ただ、客観的な事実を突きつけているだけ。
周りはただ、息を飲んでその姿を見守るしかない。
「それに、顔なんて覚えてるわけないじゃない。
叔母様とカナリアが実家に帰ってきてすぐさま『アレクセイ様の婚約者の座を寄越せ!』って恐喝して。

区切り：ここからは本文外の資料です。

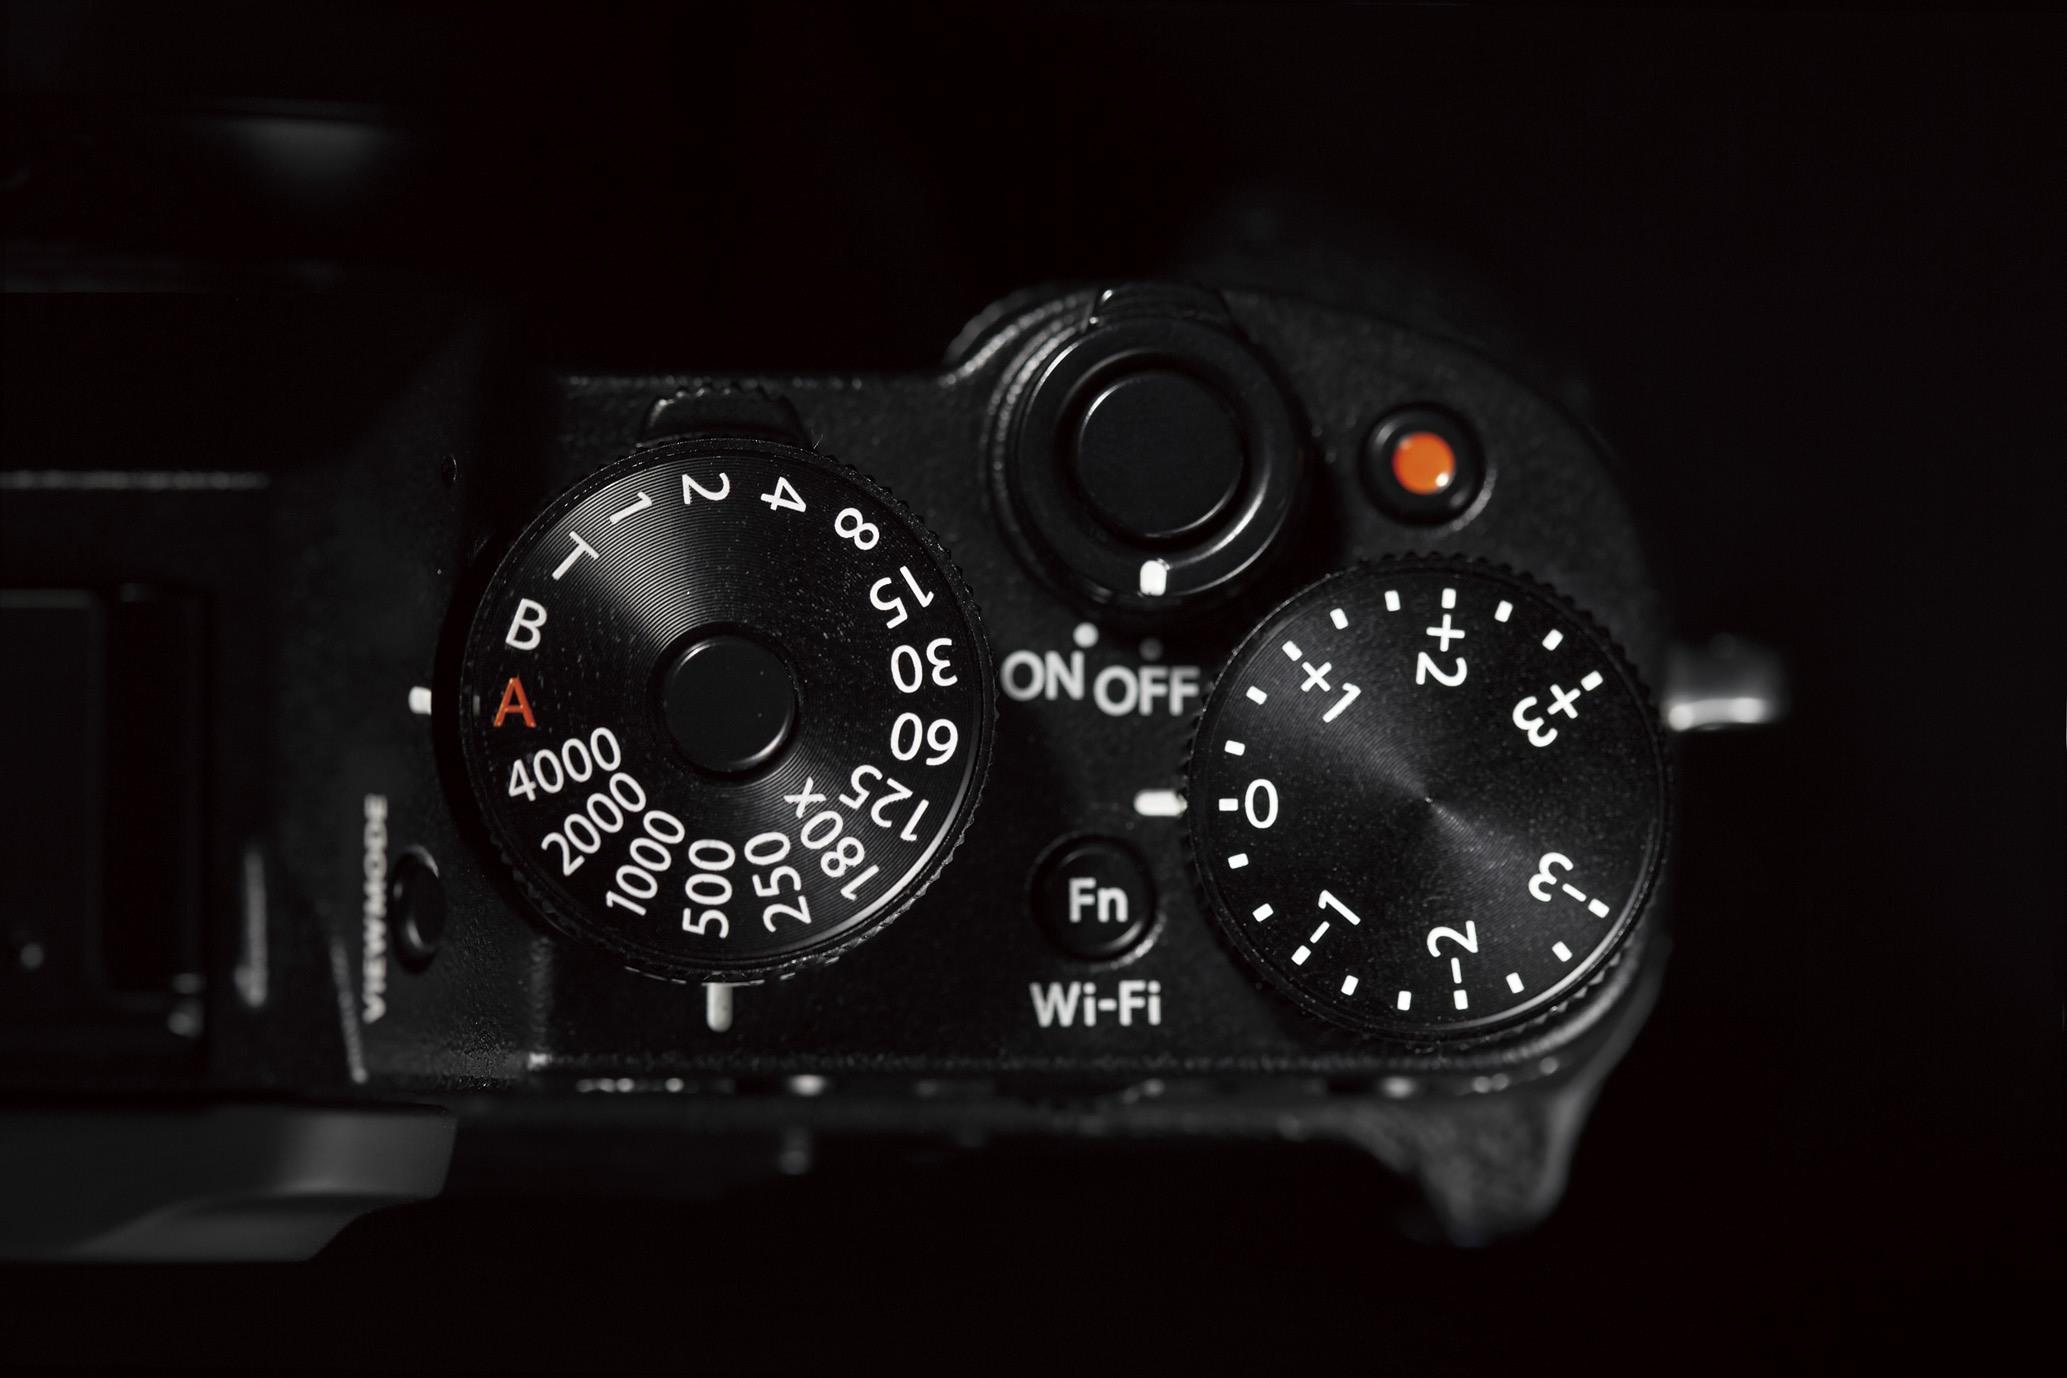 XT1_Dial-Top_BlackBK_061.JPG

さらには母さんと長女の私を追い出して、バートンの家を乗っ取ろうとしたのよ?
おかげ様で、バートンの家が焼かれたあの戦乱から、私と母さんは生き残れたわ。
貴方達にはせいぜい感謝しないとね」
言葉は明確で、恐ろしく静かだった。
カメリアの怒りはまるで、氷点下の氷の如きだった。
その一言一言が、カナリア嬢の薄っぺらな演技を、崩していくわ。
「なんて事言うの!
アタクシはあの戦乱で、お祖父様も叔父様も!
大事なアタクシのお母様を亡くしていると言うのに!
皇帝陛下! どうか嘘つきで嫉妬深く、この意地汚いお姉様に天罰を!」
「はは……なかなか面白い展開だな!
だが、なぁ……アレクセイ将軍?」
その瞬間。
「久しぶりだね、カナリア。
僕の……もう一人の元婚約者」
アレクセイ・ヴァン・ベルツ公爵が口を開いたわ。
彼の次の一言が全てを覆すことを、私は直感で理解したわ。
カナリア嬢の目が、ありえないほど見開かれる。
そして、カナリアの如き甲高い声で。
「アレクセイ様!アタクシ、とーってもお会いしたかったの!」
「僕は本来、カメリアと婚約する予定だった。
だが、いつの間にか伯爵家の娘である君との婚約にすり替えられていた。
カメリアは相応しくない、婚約破棄してくれと。
僕は泣いて拒否したよ」
「それは……カナリアと叔母様が、私に恫喝したのです。
アレクセイ様から手を引けと」
カメリアは即答するわ。
その声には、震えも迷いもなかった。
一瞬、アレクセイ様がホッとして笑ったように見えた。
そして、アレクセイ様が懐から取り出したのは……。